What this task involves:
With the line containing "Недорогие мужские шорты камуфляж" as the start and the line containing "Action Comics Vol" as the end, transcribe that span of the entries below exactly, including both.

Dataset records

# # #

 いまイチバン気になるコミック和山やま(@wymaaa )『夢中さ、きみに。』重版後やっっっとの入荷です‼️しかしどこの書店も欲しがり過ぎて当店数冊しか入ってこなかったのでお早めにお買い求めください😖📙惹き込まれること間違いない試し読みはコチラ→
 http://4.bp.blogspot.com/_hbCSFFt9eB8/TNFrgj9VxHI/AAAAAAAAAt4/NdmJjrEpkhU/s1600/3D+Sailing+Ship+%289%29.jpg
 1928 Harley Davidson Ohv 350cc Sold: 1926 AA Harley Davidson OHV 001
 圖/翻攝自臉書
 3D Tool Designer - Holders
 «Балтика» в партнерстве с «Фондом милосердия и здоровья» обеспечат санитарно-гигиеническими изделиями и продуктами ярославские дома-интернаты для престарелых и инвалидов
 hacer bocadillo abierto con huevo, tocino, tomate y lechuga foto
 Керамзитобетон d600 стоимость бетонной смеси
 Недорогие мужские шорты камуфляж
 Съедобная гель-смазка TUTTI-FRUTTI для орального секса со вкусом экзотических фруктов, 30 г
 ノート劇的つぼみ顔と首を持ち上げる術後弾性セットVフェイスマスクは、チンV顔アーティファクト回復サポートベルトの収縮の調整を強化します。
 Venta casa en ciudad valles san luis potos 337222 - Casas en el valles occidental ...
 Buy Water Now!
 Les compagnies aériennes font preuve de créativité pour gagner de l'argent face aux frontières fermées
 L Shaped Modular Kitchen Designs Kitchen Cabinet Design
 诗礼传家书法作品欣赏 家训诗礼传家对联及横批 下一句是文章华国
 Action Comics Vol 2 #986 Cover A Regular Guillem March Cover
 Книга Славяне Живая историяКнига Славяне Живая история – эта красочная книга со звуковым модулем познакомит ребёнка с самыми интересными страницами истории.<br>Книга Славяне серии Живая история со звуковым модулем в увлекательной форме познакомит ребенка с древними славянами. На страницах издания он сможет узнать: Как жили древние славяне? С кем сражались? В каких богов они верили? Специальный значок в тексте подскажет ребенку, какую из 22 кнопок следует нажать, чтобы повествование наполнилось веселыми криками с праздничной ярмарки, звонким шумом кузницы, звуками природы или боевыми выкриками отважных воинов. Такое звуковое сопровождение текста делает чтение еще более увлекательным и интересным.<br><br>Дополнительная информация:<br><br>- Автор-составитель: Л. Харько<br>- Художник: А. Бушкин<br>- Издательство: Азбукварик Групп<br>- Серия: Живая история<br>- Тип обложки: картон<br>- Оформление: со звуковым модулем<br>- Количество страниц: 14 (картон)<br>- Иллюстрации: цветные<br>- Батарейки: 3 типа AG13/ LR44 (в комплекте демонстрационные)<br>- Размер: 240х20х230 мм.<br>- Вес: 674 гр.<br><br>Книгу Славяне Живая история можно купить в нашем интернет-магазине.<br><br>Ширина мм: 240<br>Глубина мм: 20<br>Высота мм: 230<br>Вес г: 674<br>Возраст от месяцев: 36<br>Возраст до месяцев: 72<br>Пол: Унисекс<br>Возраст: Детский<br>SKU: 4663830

# # #

Result of this task:
 Недорогие мужские шорты камуфляж
 Съедобная гель-смазка TUTTI-FRUTTI для орального секса со вкусом экзотических фруктов, 30 г
 ノート劇的つぼみ顔と首を持ち上げる術後弾性セットVフェイスマスクは、チンV顔アーティファクト回復サポートベルトの収縮の調整を強化します。
 Venta casa en ciudad valles san luis potos 337222 - Casas en el valles occidental ...
 Buy Water Now!
 Les compagnies aériennes font preuve de créativité pour gagner de l'argent face aux frontières fermées
 L Shaped Modular Kitchen Designs Kitchen Cabinet Design
 诗礼传家书法作品欣赏 家训诗礼传家对联及横批 下一句是文章华国
 Action Comics Vol 2 #986 Cover A Regular Guillem March Cover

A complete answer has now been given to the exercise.